Bei diesem Problem möchte die persönliche elektronische Gesundheitsakte, mittels der vorhandene medizinische Daten abgerufen, vernetzt und jederzeit zur Verfügung gestellt werden, ansetzen. Ansätze dazu gibt es viele. Etwa das Google Health oder das Microsoft Health-Vault-Projekt, deren Angebote derzeit allerdings auf den US-Markt zugeschnitten sind. Oder Elga, das Projekt des österreichischen Gesundheitsministeriums, das nach Scheitern der Gesundheitsreform voraussichtlich noch länger als bis 2012 nicht umgesetzt werden dürfte. "Elga ist ein unausgegorenes Konzept, bei dem vieles noch nicht geklärt ist, etwa, wer auf die Daten zugreifen darf", sagt Bernhard Voita, Österreich-Geschäftsführer von InterComponentWare (ICW).

Kritik

Die Kritik ist nicht ganz uneigennützig, denn Voitas Unternehmen ist Anbieter der persönlichen elektronischen Gesundheitsakte LifeSensor. Mit dieser soll der Nutzer auf seine wichtigen Gesundheitsdaten - etwa Kinderkrankheiten, Impftermine oder Medikamentenunverträglichkeiten - rund um die Uhr online zugreifen können. 6000 Kunden und rund 300 Ärzte in Österreich nutzen laut Voita den Service bereits.

Eindeutiges Zugriffsrecht

"Bei uns steht der Aktenbesitzer im Mittelpunkt: Er, und nur er, bestimmt, wer in welche Akte Einsicht nehmen darf und ob zum Beispiel sein Hausarzt Daten in seine persönliche Akte stellen kann", erläutert der E-Health-Spezialist. Der Arzt kann dabei die relevanten Informationen direkt aus seinem Praxiscomputer in die Gesundheitsakte übertragen. Oder das Labor stellt dem Patienten die Ergebnisse der Blutuntersuchung auf dessen persönliche Seite im LifeSensor-Internetportal zu. Auch kann der Nutzer eigene Notizen über Krankheitsverlauf, Allergien, Medikamente speichern oder sich an den nächsten Arzttermin erinnern lassen.

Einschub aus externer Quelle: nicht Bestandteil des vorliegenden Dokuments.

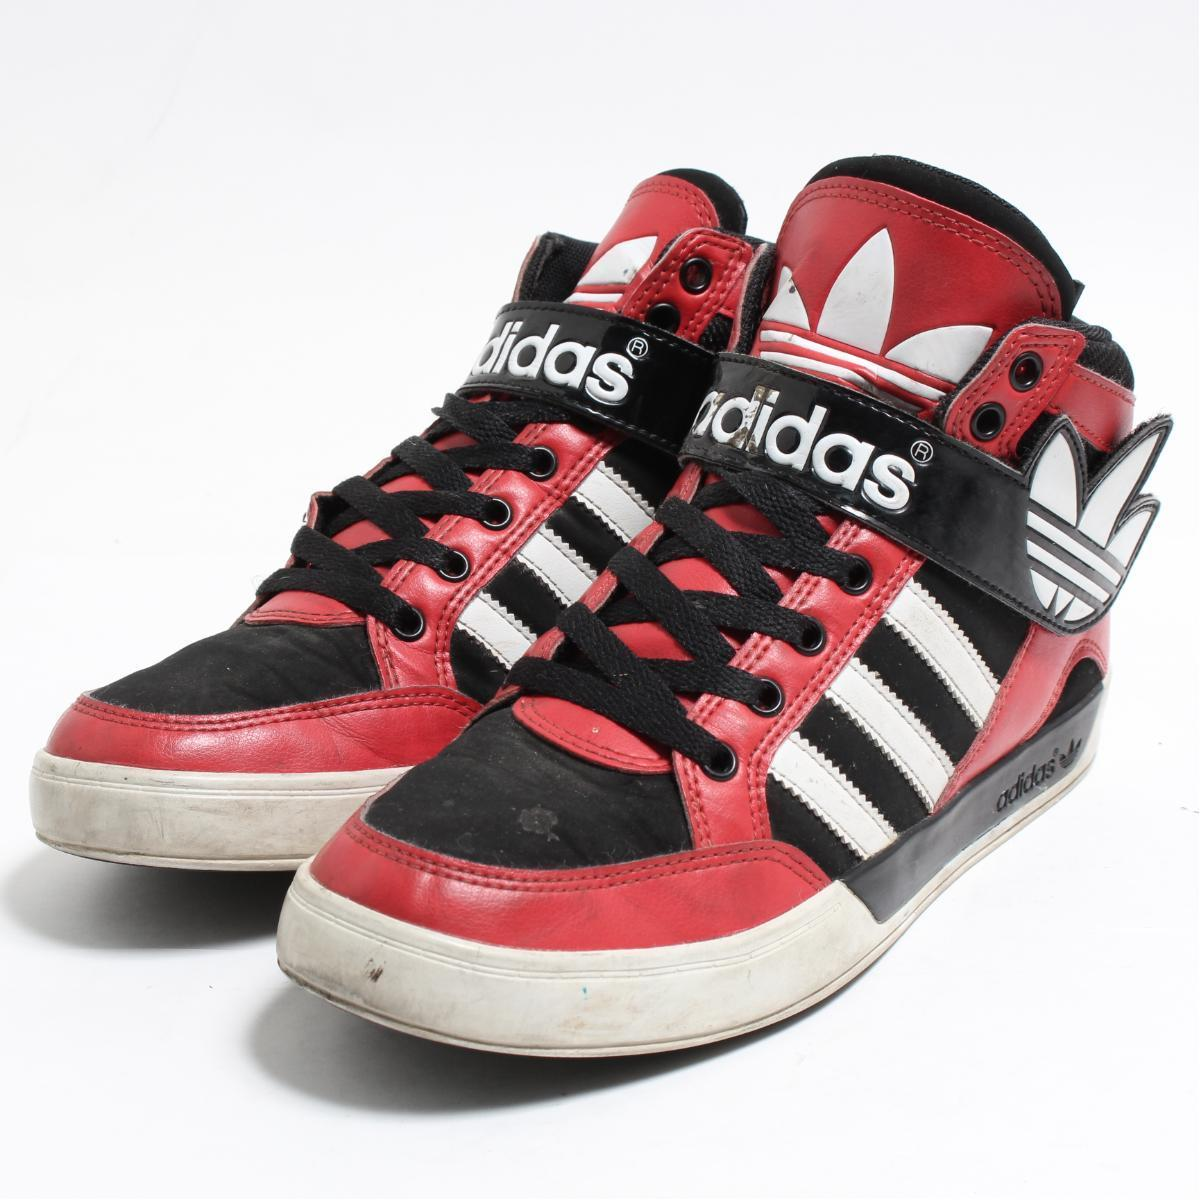 low priced 0f5ca 3dbe7 Adidas adidas Hard Court 2 sneakers US6 Ladys 23.5cm bon9195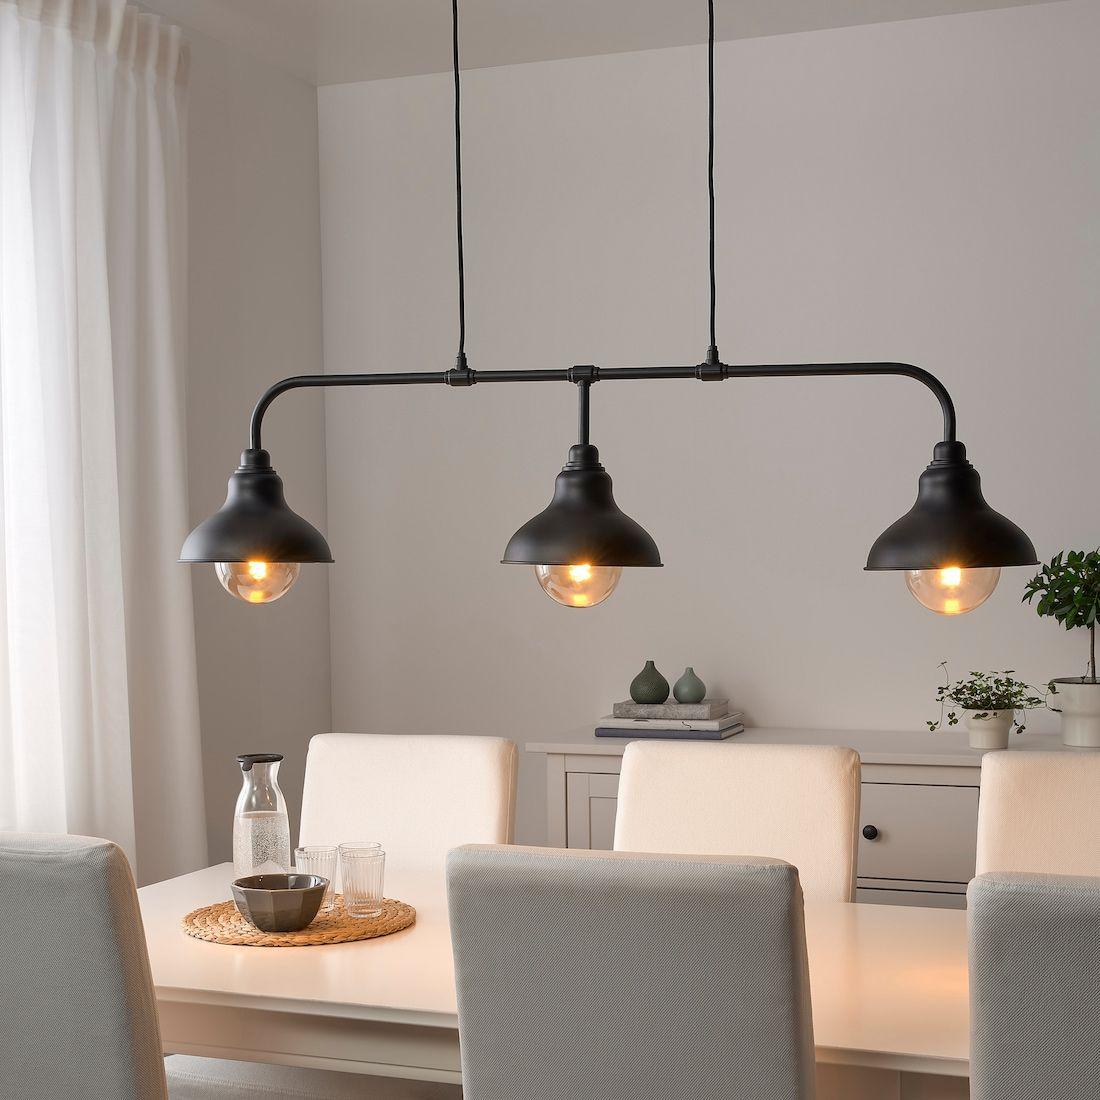 Agunnaryd Plafondlamp Met 3 Lampen Zwart Ikea In 2020 Black Lamps Dining Room Trends Lamp

Doch nicht das Sammeln medizinischer Daten allein soll die persönliche E-Health-Akte bewerkstelligen. Sie soll auch der Prophylaxe dienen. Als Beispiel dazu nennt Voita ein Projekt, das ICW gemeinsam mit der Uniqa-Versicherung seit Jahren betreibt. Bluthochdruck-Patienten übermitteln dabei ihre Messwerte (die Messgeräte sind mit einem Bluetooth-Chip zur drahtlosen Übertragung ausgestattet) automatisch an das Uniqa Medical Center, wo sie von einem Ärzteteam eingesehen werden. Bei Auffälligkeiten wird der Versicherte telefonisch kontaktiert, beraten und bei Bedarf an seinen behandelnden Arzt zur Therapieanpassung verwiesen.

Im Herbst soll LifeSensor um einen Diabetesassistenten erweitert werden, mit dessen Hilfe Diabetiker ihre Blutzuckerwerte vom Messgerät aus elektronisch in ihre Akte übertragen können.

Gesundheits-Tamagotchi

Noch nicht ganz marktreif ist ein "Gesundheits-Tamagotchi", das alle Leute, die sich zu wenig bewegen, dazu animieren soll. Das kleine Gerät ist mit Sensoren ausgestattet, die die Bewegungsabläufe in vier Punkte messen und umrechnen. Wer sich über einen bestimmten Zeitraum hinweg ausreichend bewegt, wird mit einem breiten Smiley-Lächeln belohnt. "Dies könnte zum Beispiel für übergewichtige Kinder ein Anreiz sein, sich mehr zu bewegen", sagt Voita. Die nächste Generation soll um einen Kalorienverbrauchszähler ergänzt werden.

Notfall

Für das Apple iPhone und einige andere Mobiltelefone hat ICW eine Notfalldaten-Lösung entwickelt. Die von einem Arzt erstellten und auf LifeSensor gespeicherten Daten können etwa bei einem Unfall von einem Notarzt über den Internetbrowser abgerufen werden. Da die Applikation ins Handy integriert ist, sind die Daten auch ohne Netzverbindung einsichtbar.

Gebühren

Bei Gebühren von 60 Euro pro Jahr ist LifeSensor derzeit noch nicht das große Geschäft, gibt Voita zu. Er hofft aber, dass in den nächsten drei Jahren, zehn Prozent der Österreicher, den Service nutzen werden. (Karin Tzschentke/ DER STANDARD Printausgaben, 22.07.2008)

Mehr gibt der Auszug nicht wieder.